Kent Marine Deluxe Hi-S Maxxima 60 GPD RO/DI System

http://www.marinedepot.com/Kent_Marine_Del...-KM1493-vi.html

what you think?


----------



## AKSkirmish (Jun 24, 2005)

Same one I am useing currently......I love it and have zero complaints


----------



## Jared35 (Sep 15, 2009)

AKSkirmish said:


> Same one I am useing currently......I love it and have zero complaints


does it go into a regular water outlet like something a water hose would connect to or do i need to plum something up?


----------



## AKSkirmish (Jun 24, 2005)

Either works...Just need water source of some sort is all....


----------



## Guest (Apr 13, 2010)

Jared35 said:


> Same one I am useing currently......I love it and have zero complaints


does it go into a regular water outlet like something a water hose would connect to or do i need to plum something up?
[/quote]

Yep, like AKA said, either works. You can easily hook them up to a sink outlet and turn it on whenever you want water.


----------



## xeloR (Jan 2, 2009)

you’re using this on a saltwater tank right?


----------



## Jared35 (Sep 15, 2009)

no i am using it on my freshwater tank. I am so tired of running to the station to get water and now that i have a 240 gallon its just not possible.


----------



## xeloR (Jan 2, 2009)

there is no need for an RODI on a freshwater tank. unless you are buffering you are doing more harm than good IMO by using it. There are important trace elements in your water that an RODI unit will remove.


----------



## Ægir (Jan 21, 2006)

xeloR said:


> there is no need for an RODI on a freshwater tank. unless you are buffering you are doing more harm than good IMO by using it. There are important trace elements in your water that an RODI unit will remove.

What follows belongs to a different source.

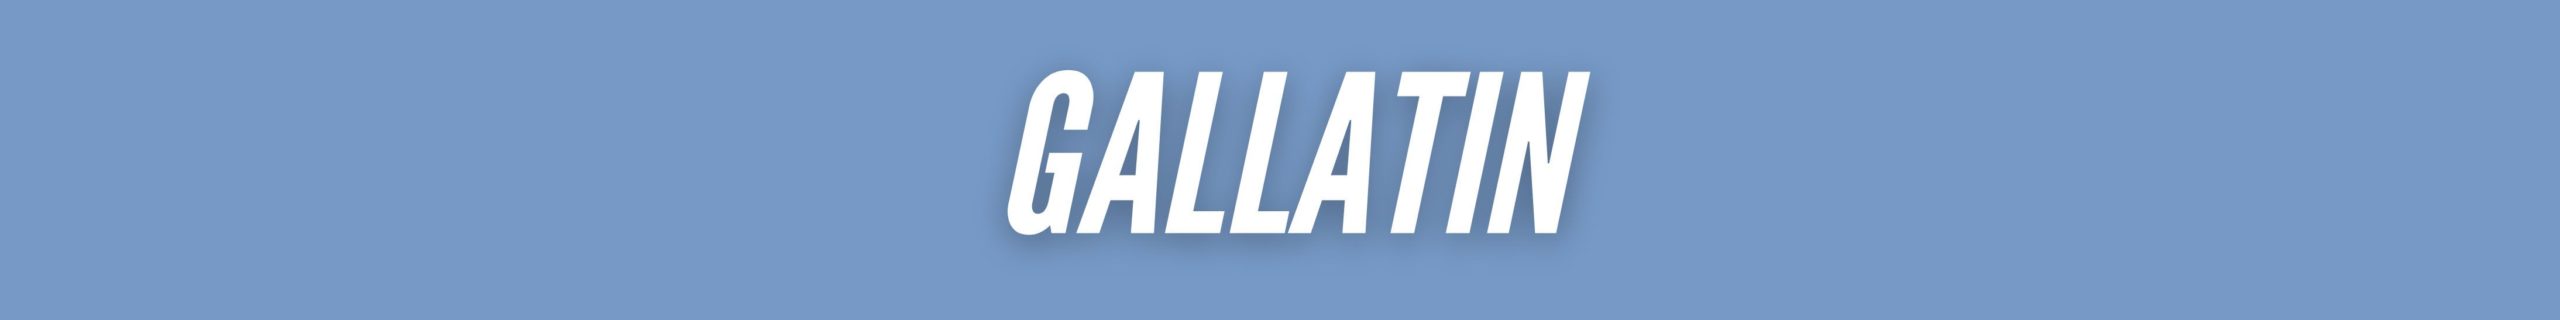 gallatin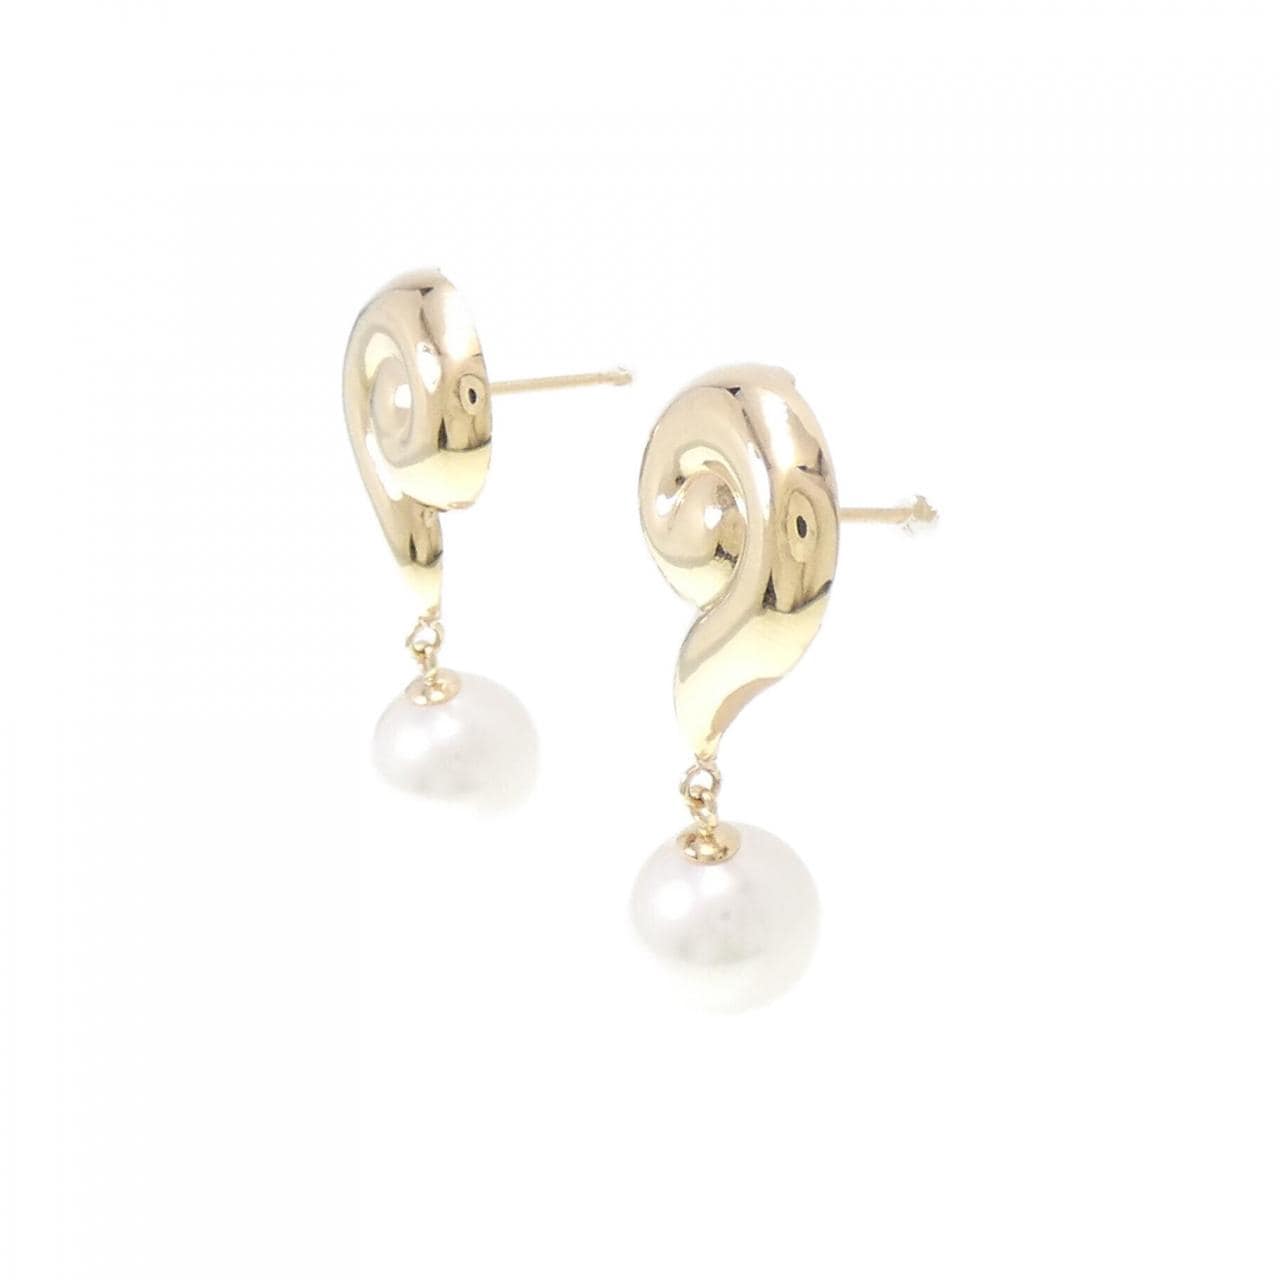 K18YG Akoya pearl earrings 7.6mm

Using it for top-off is fine... using it for large water changes, or to fill a new system is prob not a good idea.


----------



## Jared35 (Sep 15, 2009)

I've always used distilled water and it has nothing
in it ethier and my water station used the same settup
on a bigger scale and I've never had any problems. Can you explain what you mean?

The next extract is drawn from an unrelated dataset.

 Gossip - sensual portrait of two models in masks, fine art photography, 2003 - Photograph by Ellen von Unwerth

Would 15% or less a week be to much?


----------



## xeloR (Jan 2, 2009)

Ægir said:


> there is no need for an RODI on a freshwater tank. unless you are buffering you are doing more harm than good IMO by using it. There are important trace elements in your water that an RODI unit will remove.

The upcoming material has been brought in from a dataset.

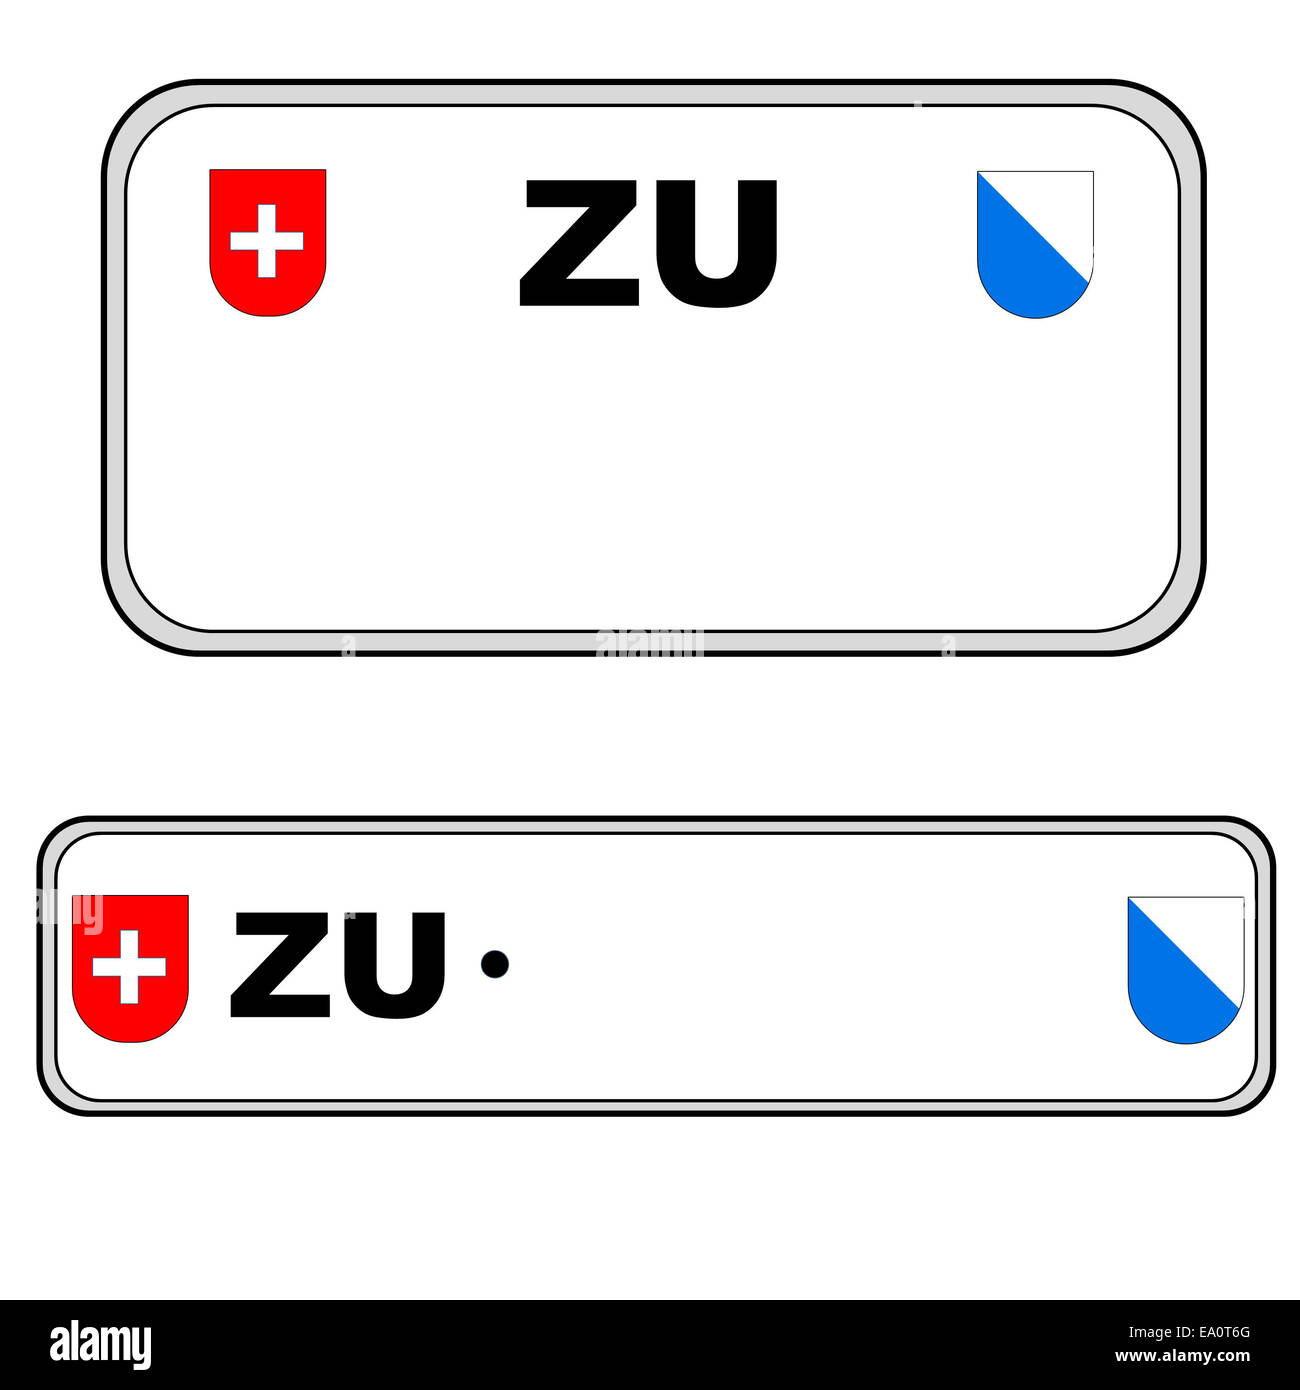 Zurich plate number, Switzerland Stock Photo

Using it for top-off is fine... using it for large water changes, or to fill a new system is prob not a good idea.
[/quote]

sorry i didn't mention that, yes top offs would be fine. are you getting much evaporation on your system (in between your water changes)?

check this link out CLICK


----------



## Jared35 (Sep 15, 2009)

Yes I have quite a bit of evaporation. So I thought I couldn't use tap water for water changes because of chlorine can you tell me the proper steps to go by when doing
a water change with tap water


----------



## xeloR (Jan 2, 2009)

depending on your bioload and filtration you should be able to get by with 25-30% weekly water changes.
do you have a python or something similar to do your gravel vacs, remove, and introduce water?
just get some declorinizer, (i use prime), and put the recommended dosage into the section you are putting the fresh water back into..
i didn't mean to detour you from using RODI on your tank, i just feel that it's not necessary for the common freshwater hobbyist.


----------